Clarence Overbeck (Northwestern University),372 in 1933, was the first to publish an article devoted specifically to the investigation of reactive sputter deposition, although the term was not used until two decades later (see the Historical footnote below). He sputtered tin from a liquid target, held in a Pyrex cup, using dry air, oxygen, nitrogen, and hydrogen discharges with dc potentials ranging from 1.8 to 2.6 kV. In initial experiments, carried out at a fixed (non-flowing) pressure of dry air, he observed a pressure decrease that he realized was due to gas incorporation in the film. Subsequent experiments were carried out at constant gas flow. Films deposited in flowing air and oxygen were oxides, with similar appearance, exhibiting interference rings which changed systematically with the film thickness. Overbeck assumed that the films were stannic oxide, SnO2.

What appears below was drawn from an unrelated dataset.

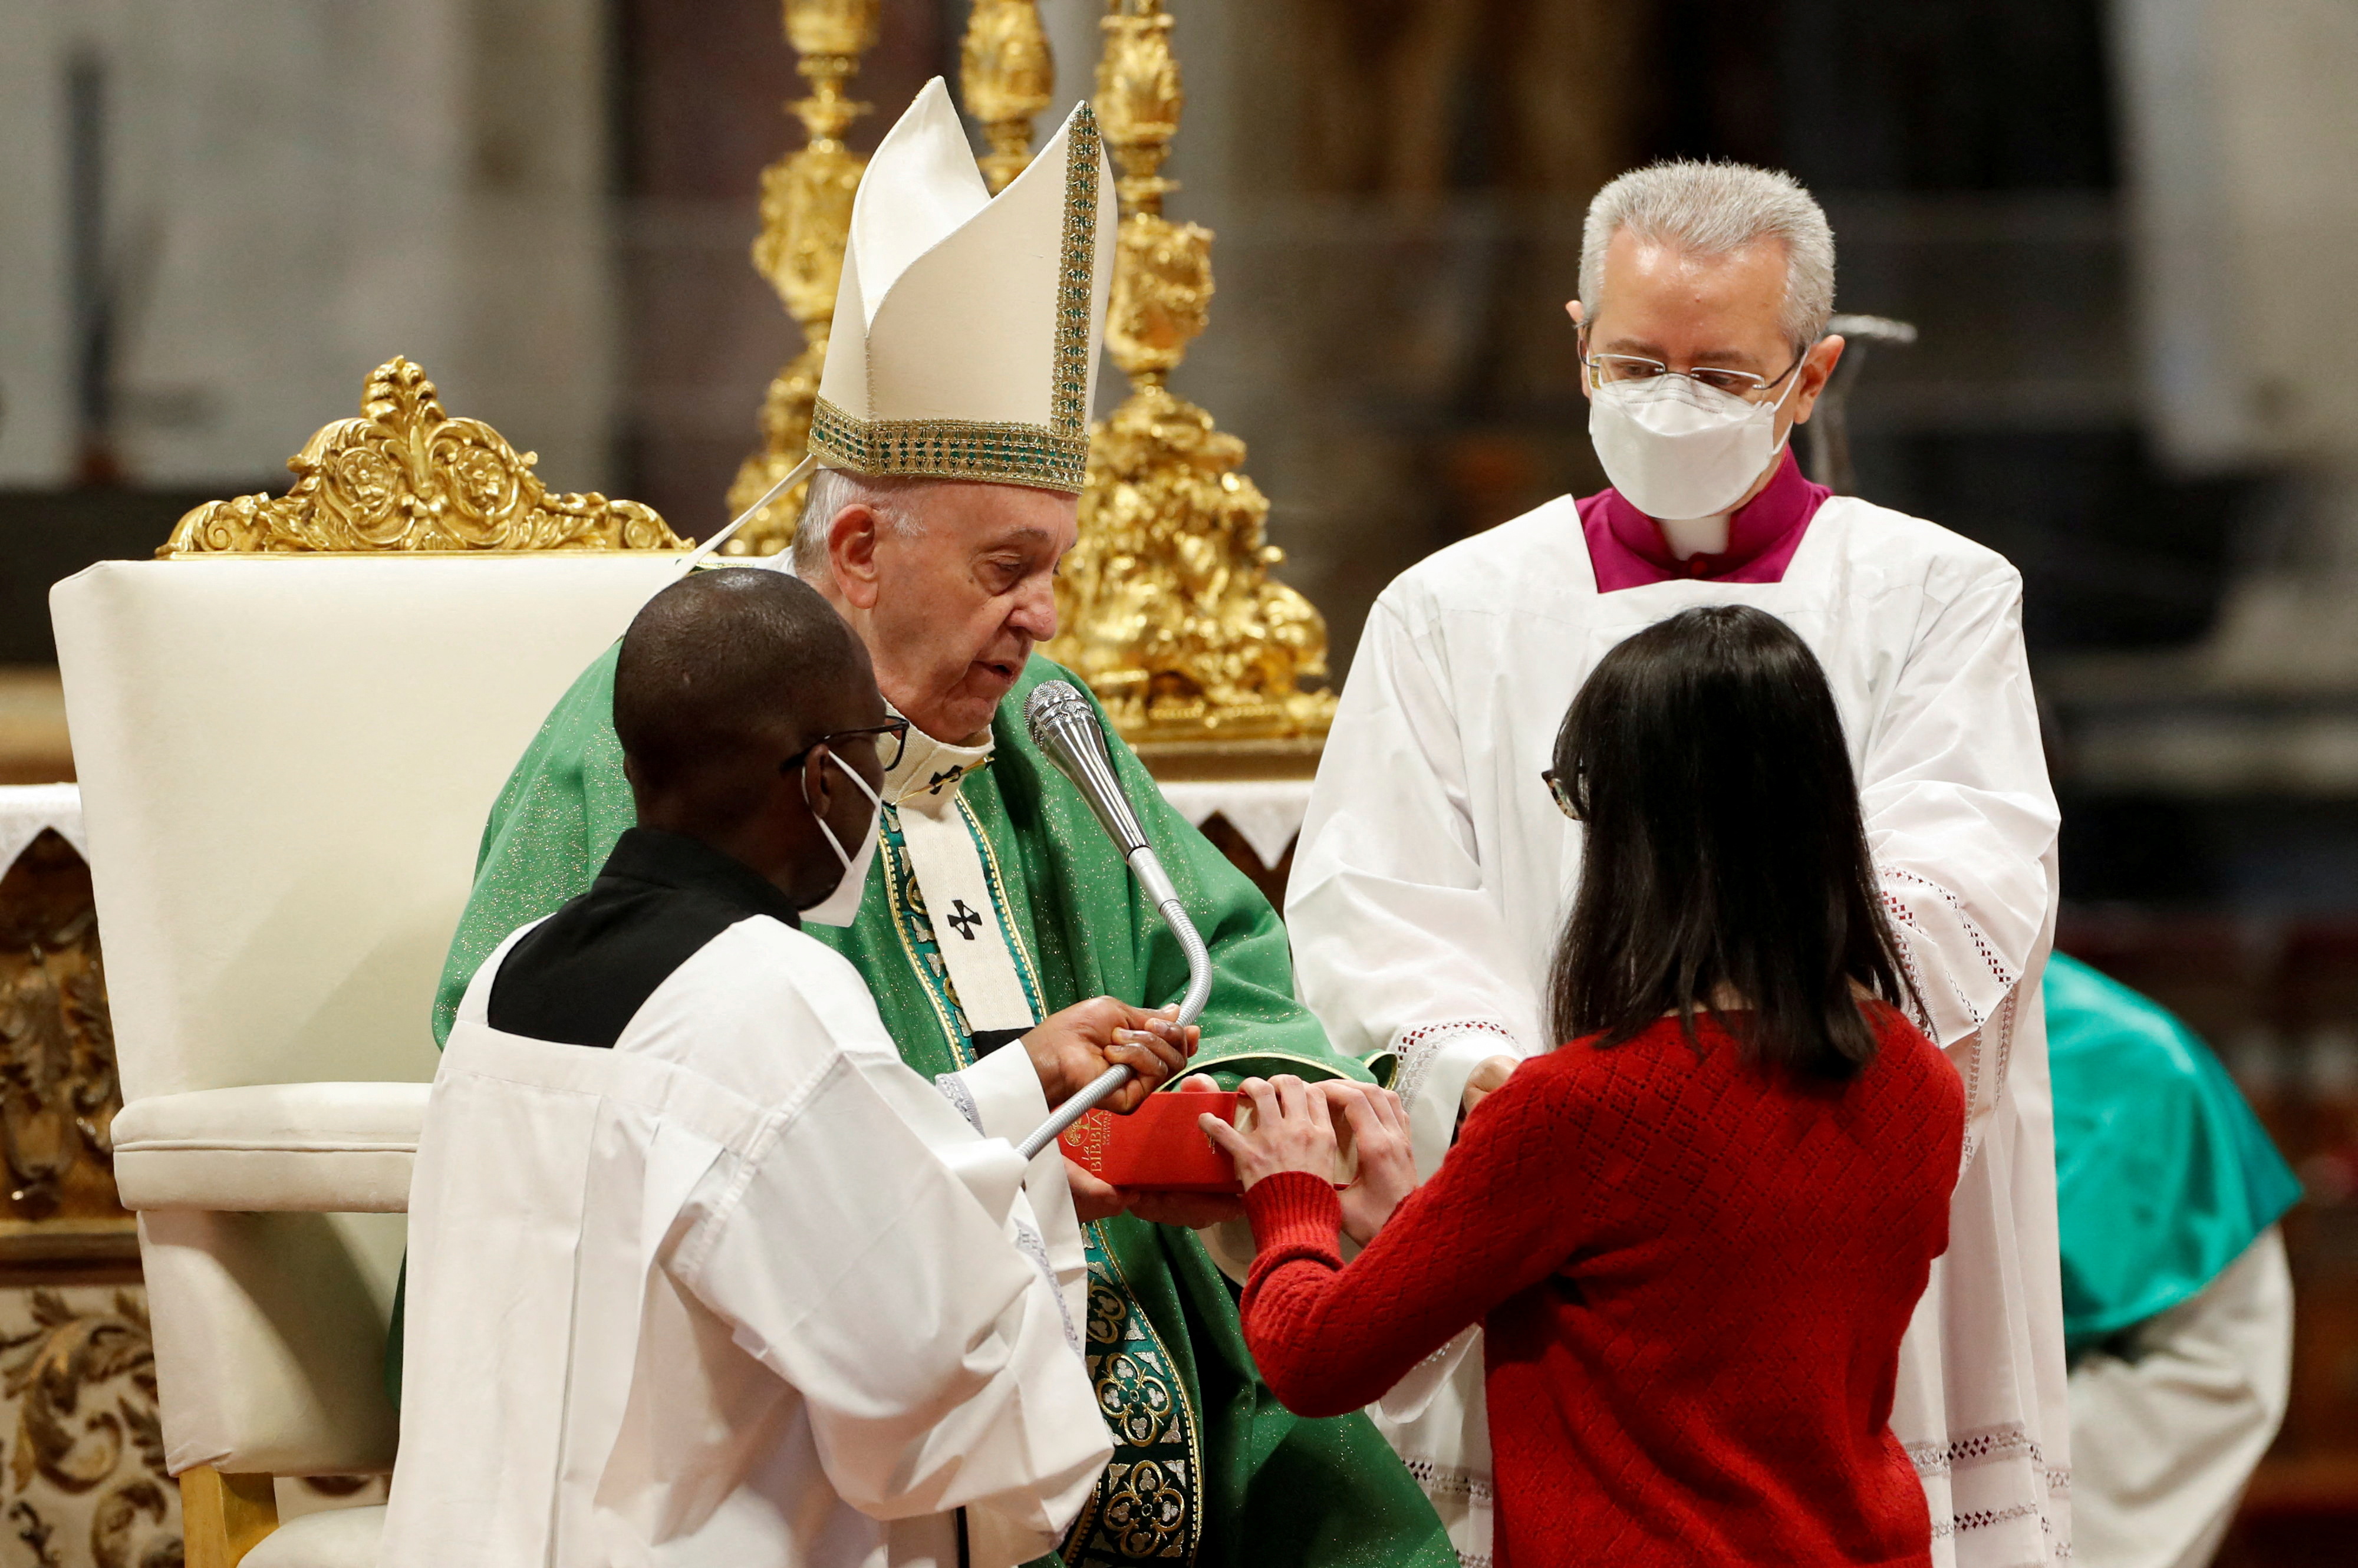 Una lectoar recibe un evangelio de manos del Papa Francisco durante la Santa Misa en la Basílica de San Pedro del Vaticano, el 23 de enero de 2022. REUTERS/Remo Casilli

Historical footnote: The first use of the term “reactive sputtering” was by Gabor Veszi, from Megatron Ltd. (London), on January 5, 1953, during a lecture at a British Institution of Radio Engineers conference in London. The corresponding paper was published in April, 1953,373 approximately a century after the earliest recorded sputter-deposition experiments25 and 20 years after Overbeek's pioneering reactive-sputtering experiments.372 Veszi used reactive sputtering to deposit cadmium-oxide TCO electrodes on selenium photocells, but provided few details. He did note that the CdO layers deposited on glass exhibited “transparencies up to 85% and surface resistances of 100 ohms per square or less.” Film thicknesses were not given, so sheet resistance cannot be converted to resistivity for comparison to Bädeker's 1907 results. Later, in April and October of the same year, two articles published by Leslie Holland and George Siddall of Edwards High Vacuum Ltd., Sussex, UK, used the term in the titles of their papers on the design of a reactive-sputtering system374 and the properties of reactively sputtered metal-oxide films.375 

Layers deposited by sputtering tin in nitrogen discharges were opaque with a brown color. Based upon wet-chemical analyses, the films were understoichiometric SnNx. However, they were apparently underdense since Overbeck reported that “exposing the film to air caused it to gradually lose its opacity and take on the transparent nature of films produced in air.” Films grown in hydrogen, which required “higher pressures,” were metallic Sn with highly reflecting metallic-mirror surfaces.

Overbeck was also the first, by several decades, to report problems with arcing during reactive sputter deposition of oxides. While he did not use modern terminology, his description of the process, as in the following quotation, was correct. “Frequently the discharge became unstable, giving rise to a sudden high current density which pitted the cathode surface and produced a granular metallic deposit on the plate. A microscopic examination revealed that these metallic particles were of …a rough spherical shape… it appeared that they had been flattened on striking the deposit plate, which indicated considerable velocity of impact and heating. The metallic nature of the deposit might be explained by the fact that the particle, rapidly deposited, was of large size and therefore its combination with gas molecules would not be favored.”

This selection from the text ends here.